A world renowned New Orleans-based acoustic engineer, aka Monty “Can You Hear Me Now” Williams, was quoted before Game 2 of the Pelicans' playoff series at Oracle Arena with this brilliant bon mot: “I’m not so sure that the decibel level is legal there, and I’m serious.”
What a brilliant piece of strategery by the Pelicans coach. Here's the news, Monty: Making noise for the home teams and razzing the visitors is an inalienable right for all card-carrying, leather-lunged sports fans.
Now permit me to turn the volume down on coach Williams and offer a few points that should be considered by teams, leagues and building operators.
Long term hearing damage caused by the “Pump up the Volume” cacophony from opening whistle to final horn is becoming a “Can You Hear Me Now?” problem for the world of sports. The noise for change from concerned constituencies is growing louder when it comes to protecting the hearing of fans who are screaming their heads off at venues throughout the country.

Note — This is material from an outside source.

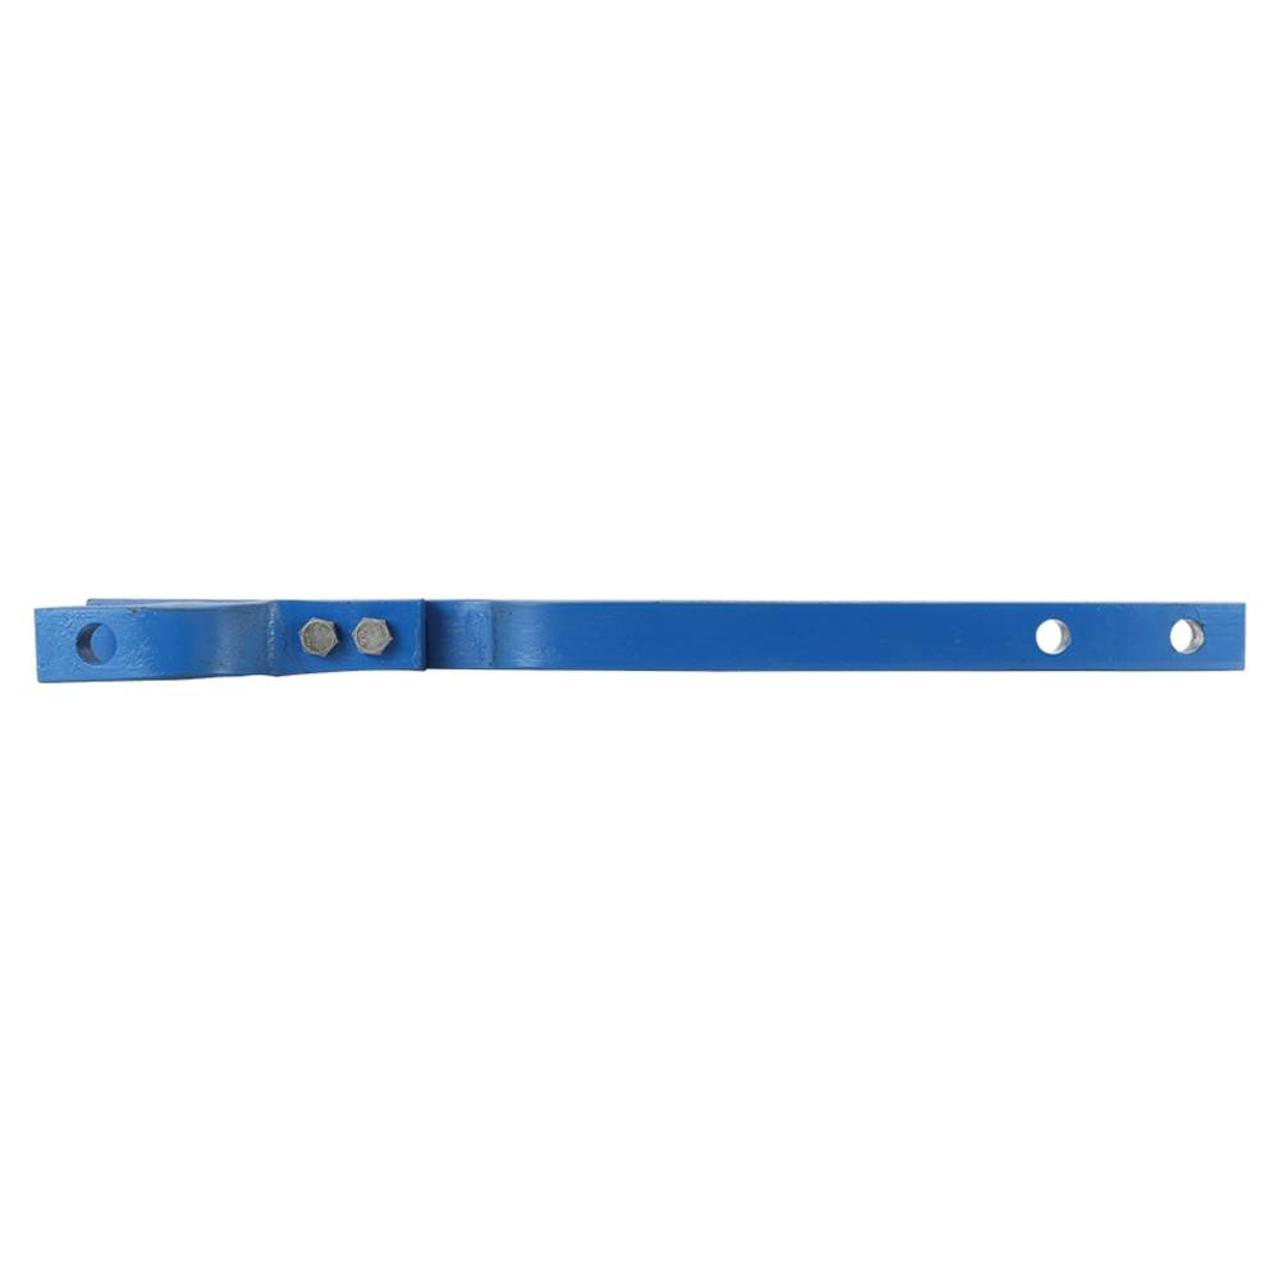 Drawbar for Ford/Holland 2810, 2910, 3230 C5NN805J, DJPN825A on
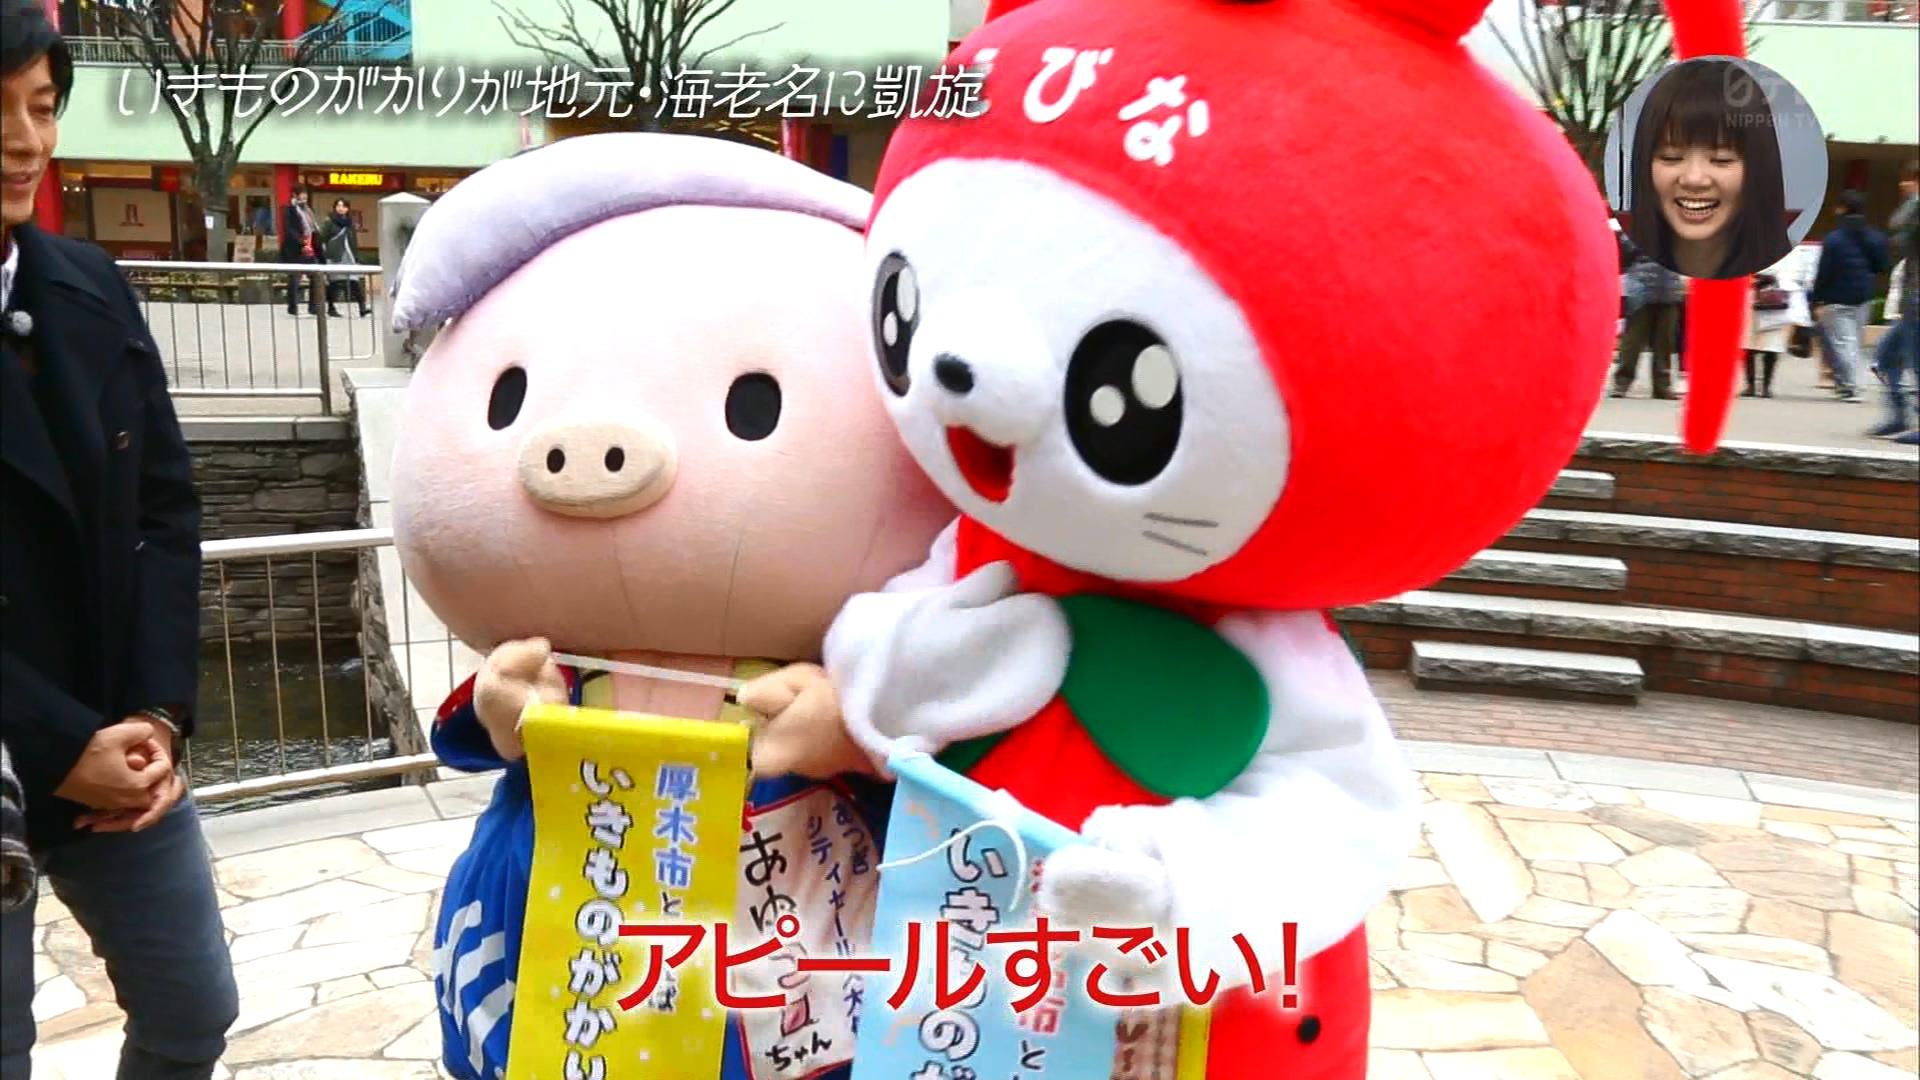 2016.03.13 全場(おしゃれイズム).ts_20160314_011749.853

“People think it’s cool or funny or whatever, but there is increasing evidence that if your ears are ringing, damage is happening,” said M. Charles Liberman, a professor of otology at Harvard Medical School and the director of a hearing research lab at the Massachusetts Eye and Ear Infirmary.
The Seattle Seahawks boast that their fans caused a small earthquake after a Marshawn Lynch 2011 touchdown at Qwest Field. The team shouted from the top of the Space Needle about their crowd’s record 136.6-decibel noise level last September after an effort orchestrated by the fan group “Volume 12.”
In a Kansas City Chiefs game against the Oakland Raiders at Arrowhead Stadium last October, the pandemonium peaked at 142.2 decibels. The noise level at Arrowhead is the current world record for an outdoor stadium. Chiefs Coach Andy Reid said he could “feel the ground shaking” and later heard ringing in his ear not covered by his headset.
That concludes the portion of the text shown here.